• _Problem statement_
Extract each line of the material that follows exactly and omit its pictures.

• _Given information_
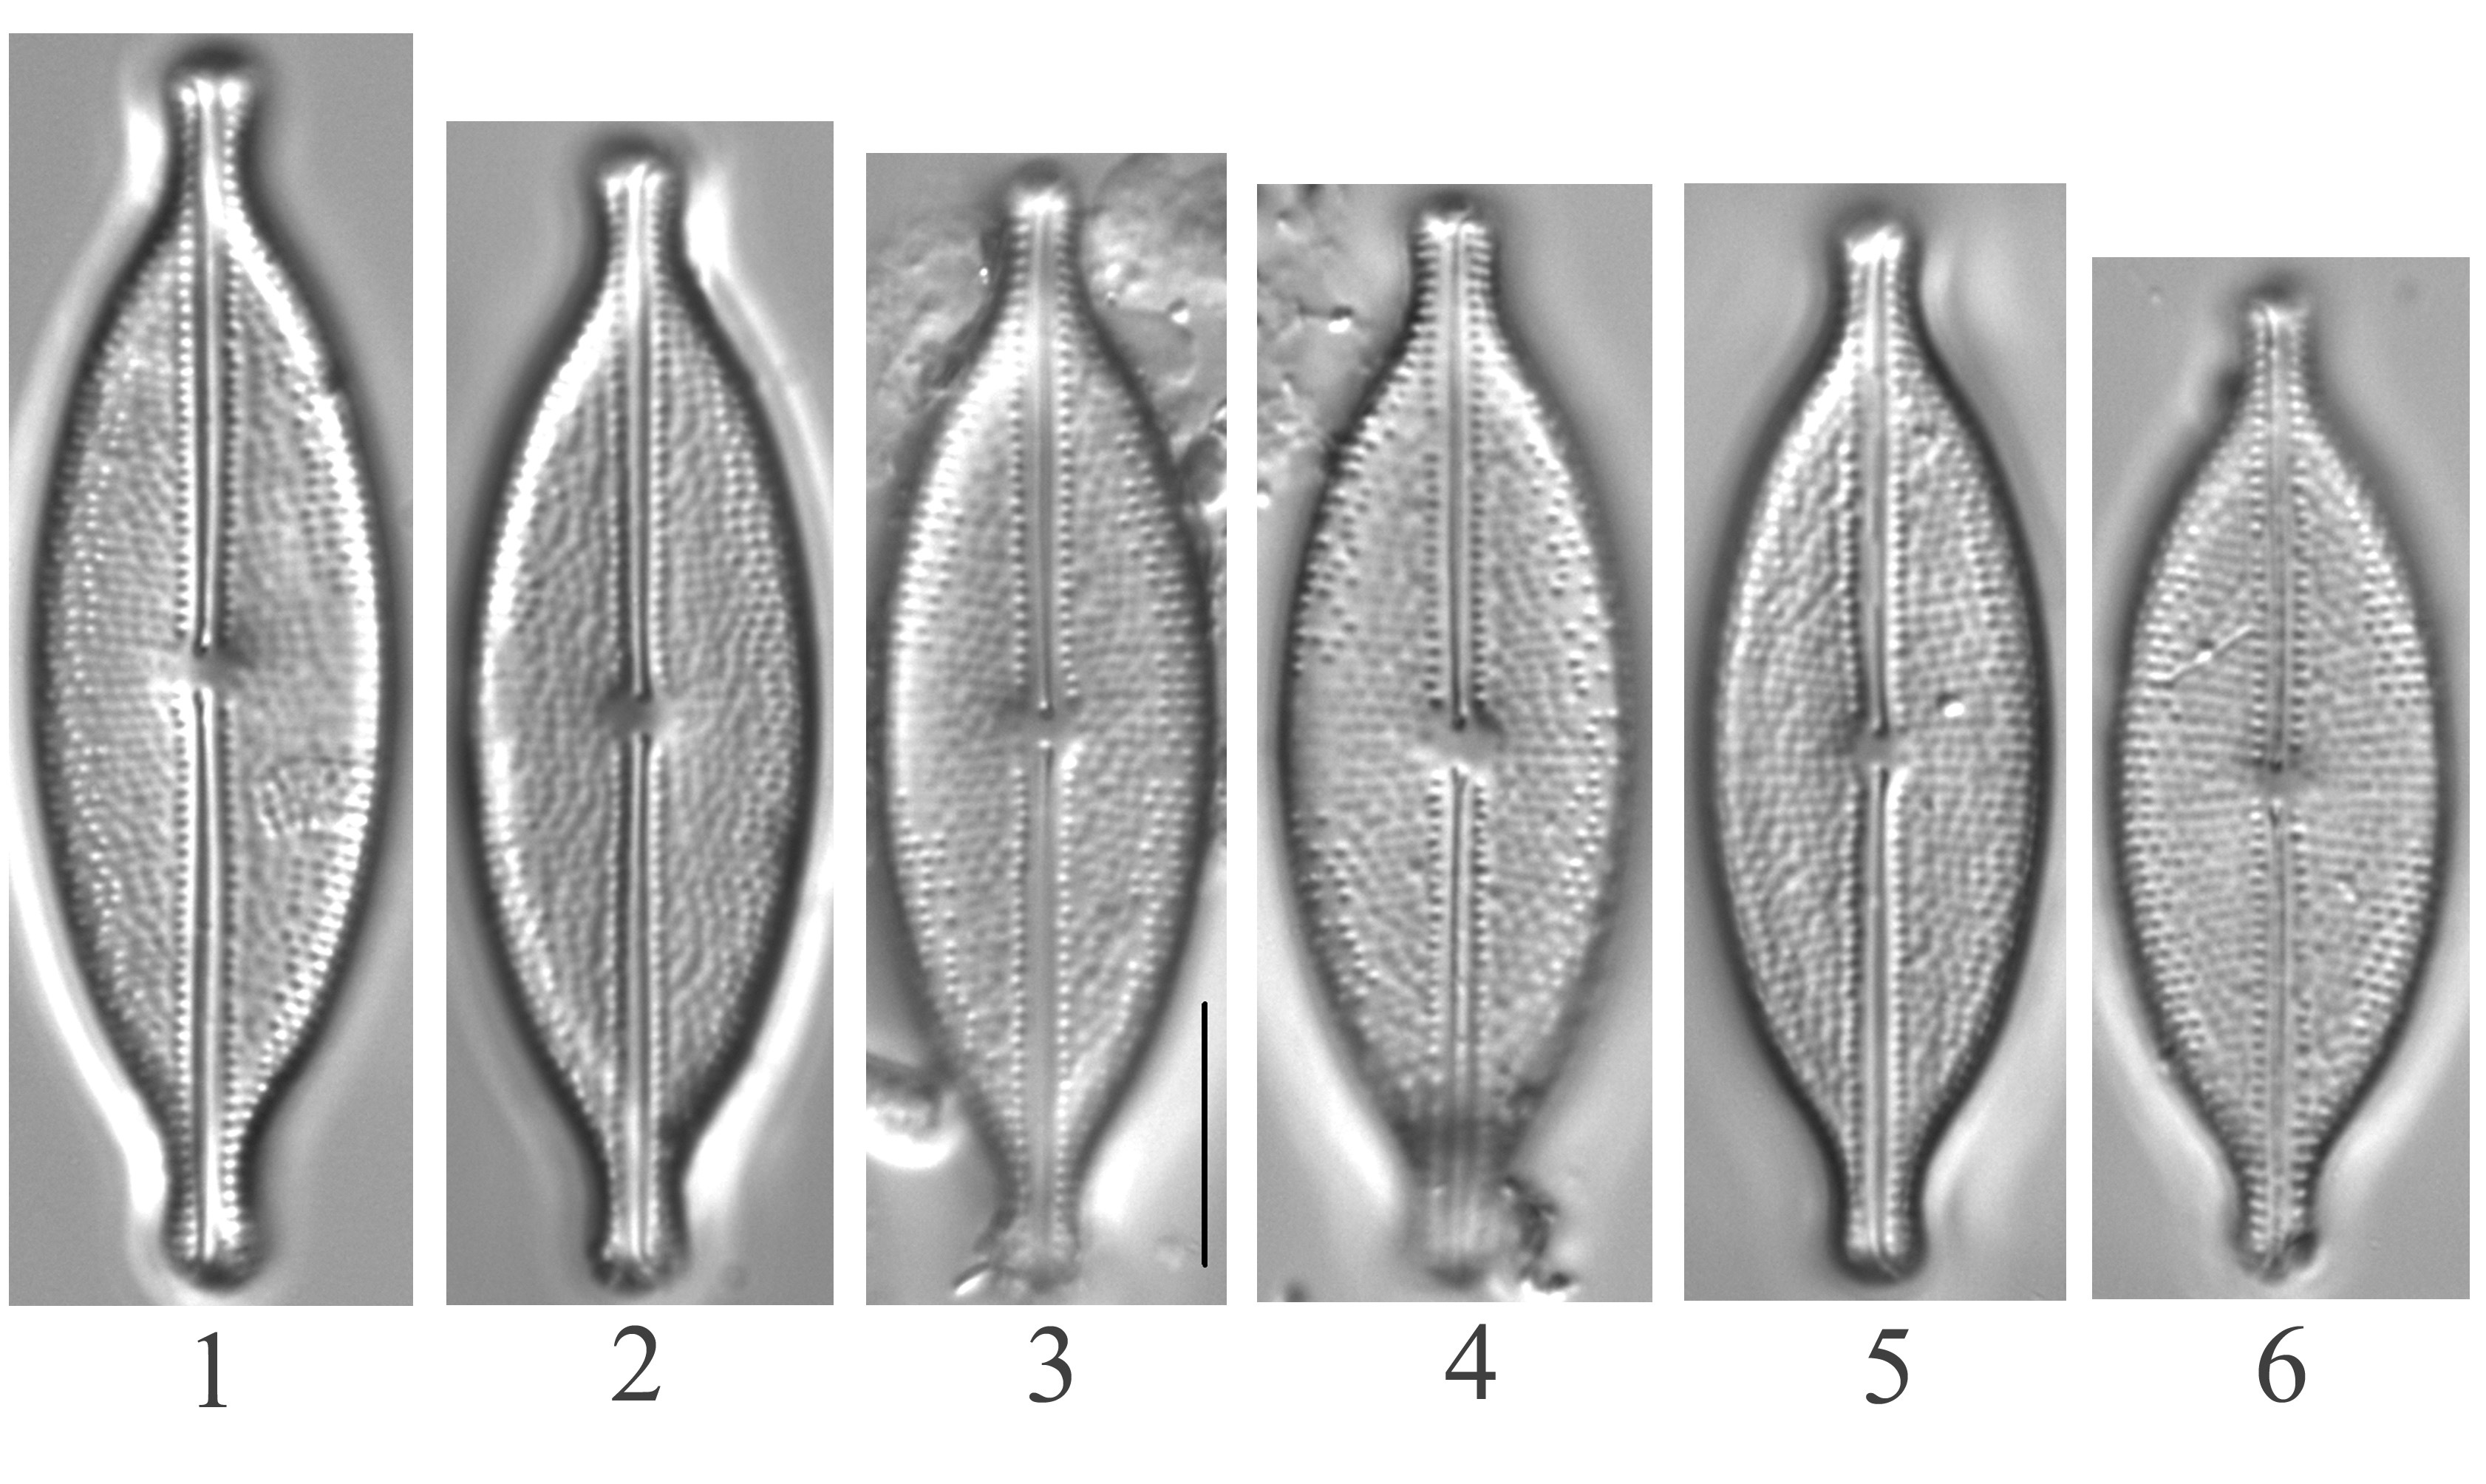 Anomoeoneis Capitata Figs1 6
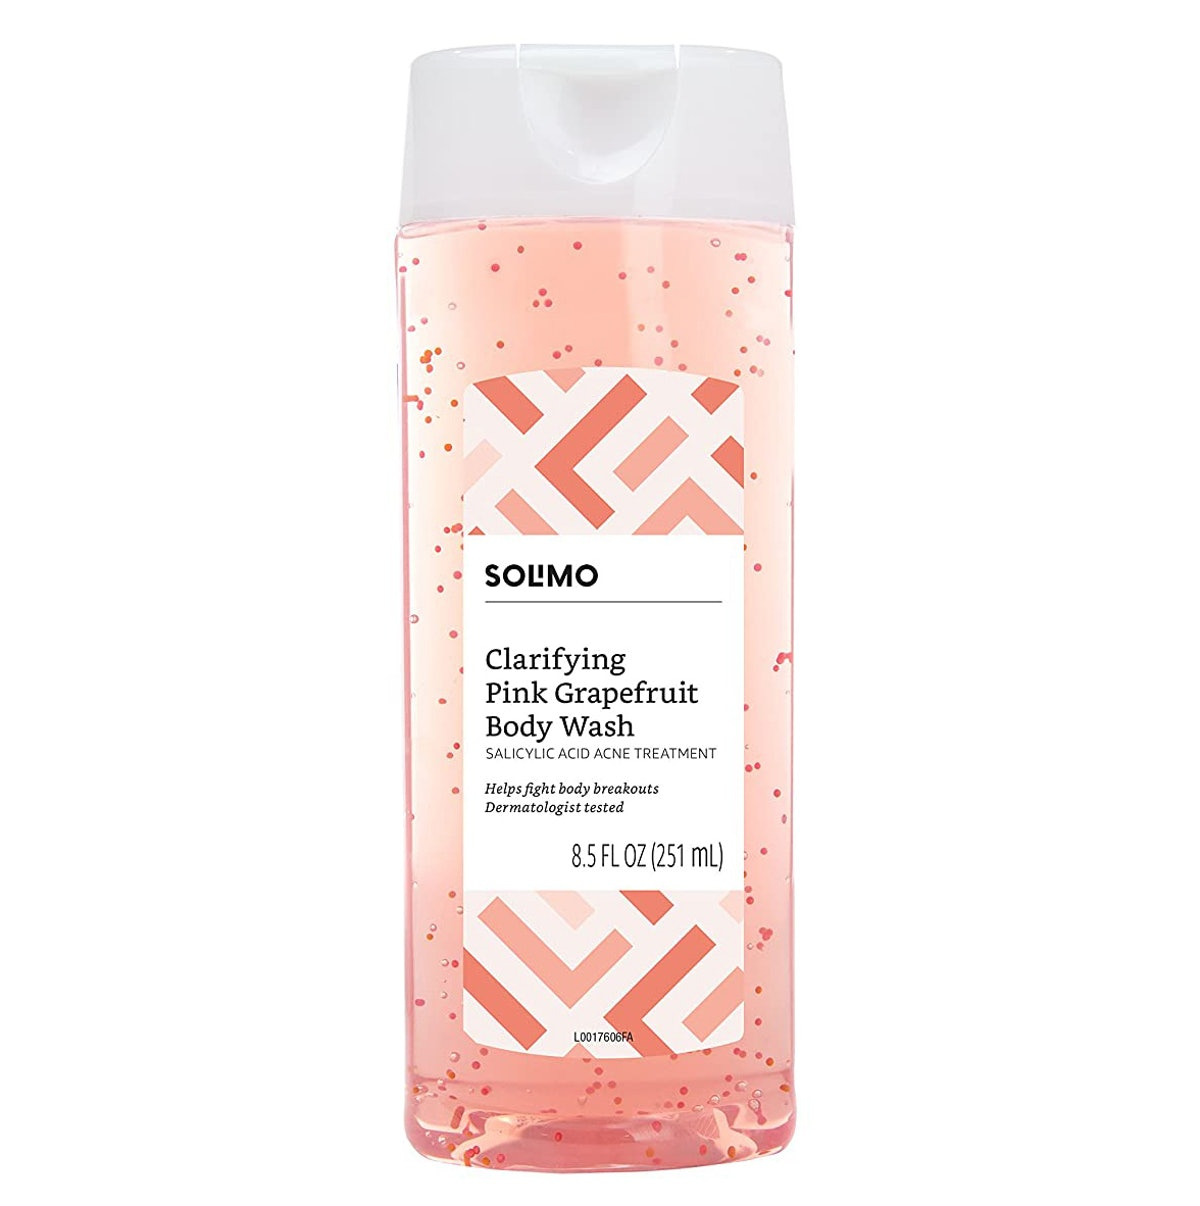 Solimo Clarifying Pink Grapefruit Body Wash
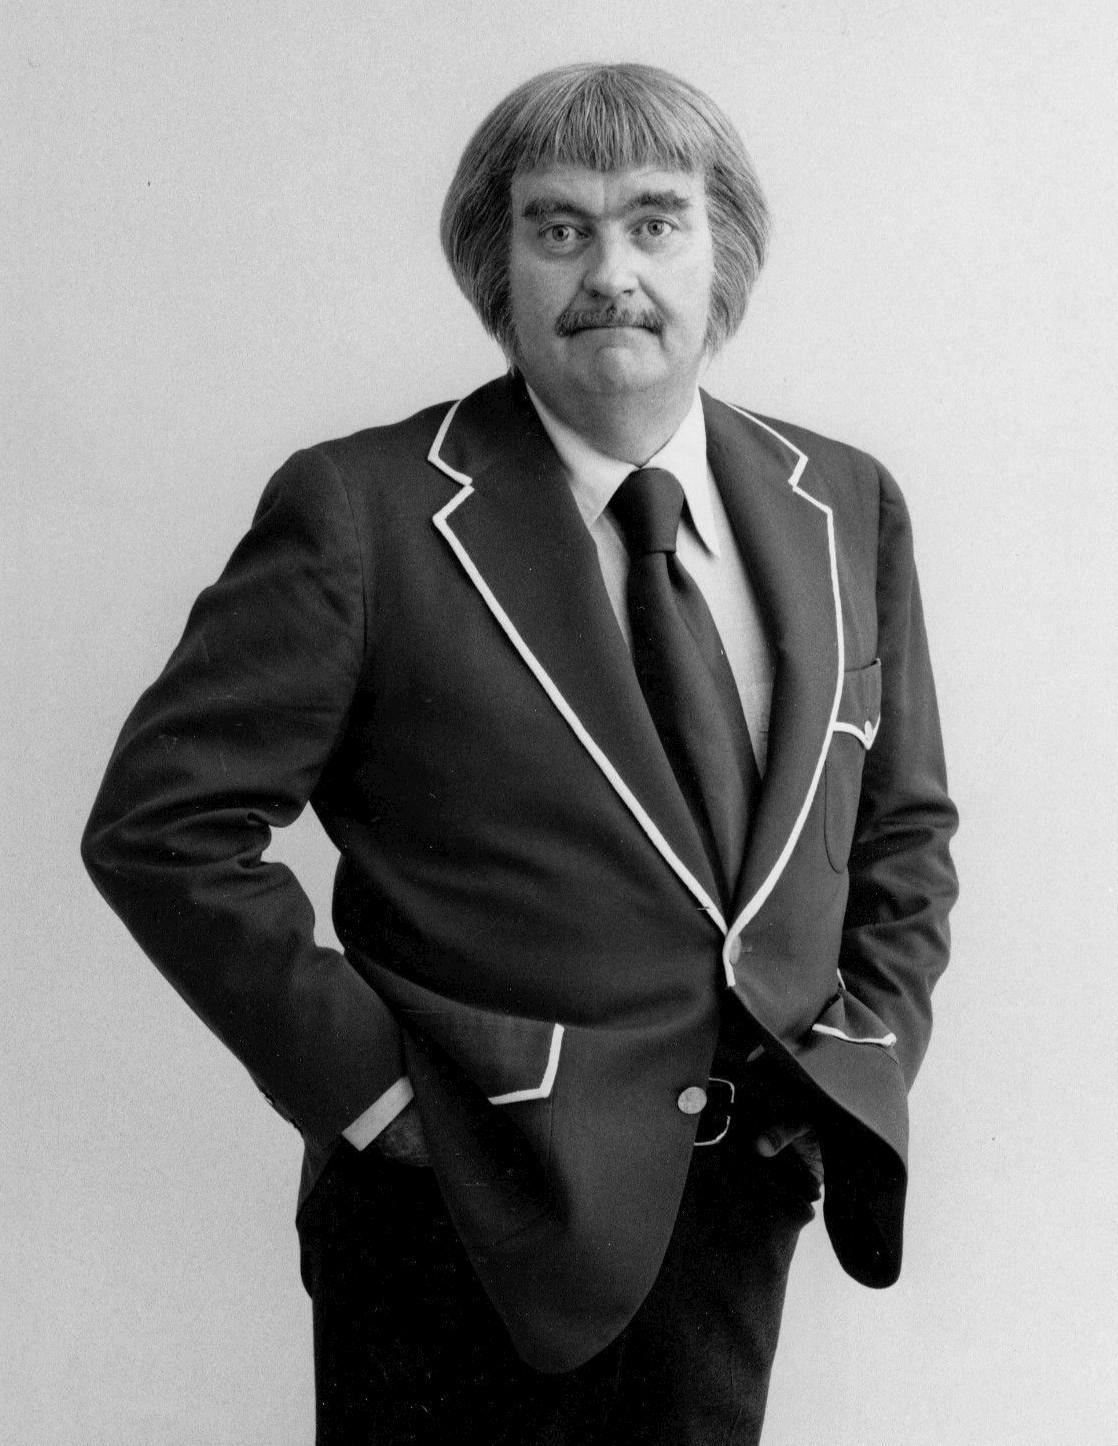 Bob_keeshan_captain_kangaroo_1977 -

• _Task result_
 Anomoeoneis Capitata Figs1 6
 Solimo Clarifying Pink Grapefruit Body Wash
 Bob_keeshan_captain_kangaroo_1977 -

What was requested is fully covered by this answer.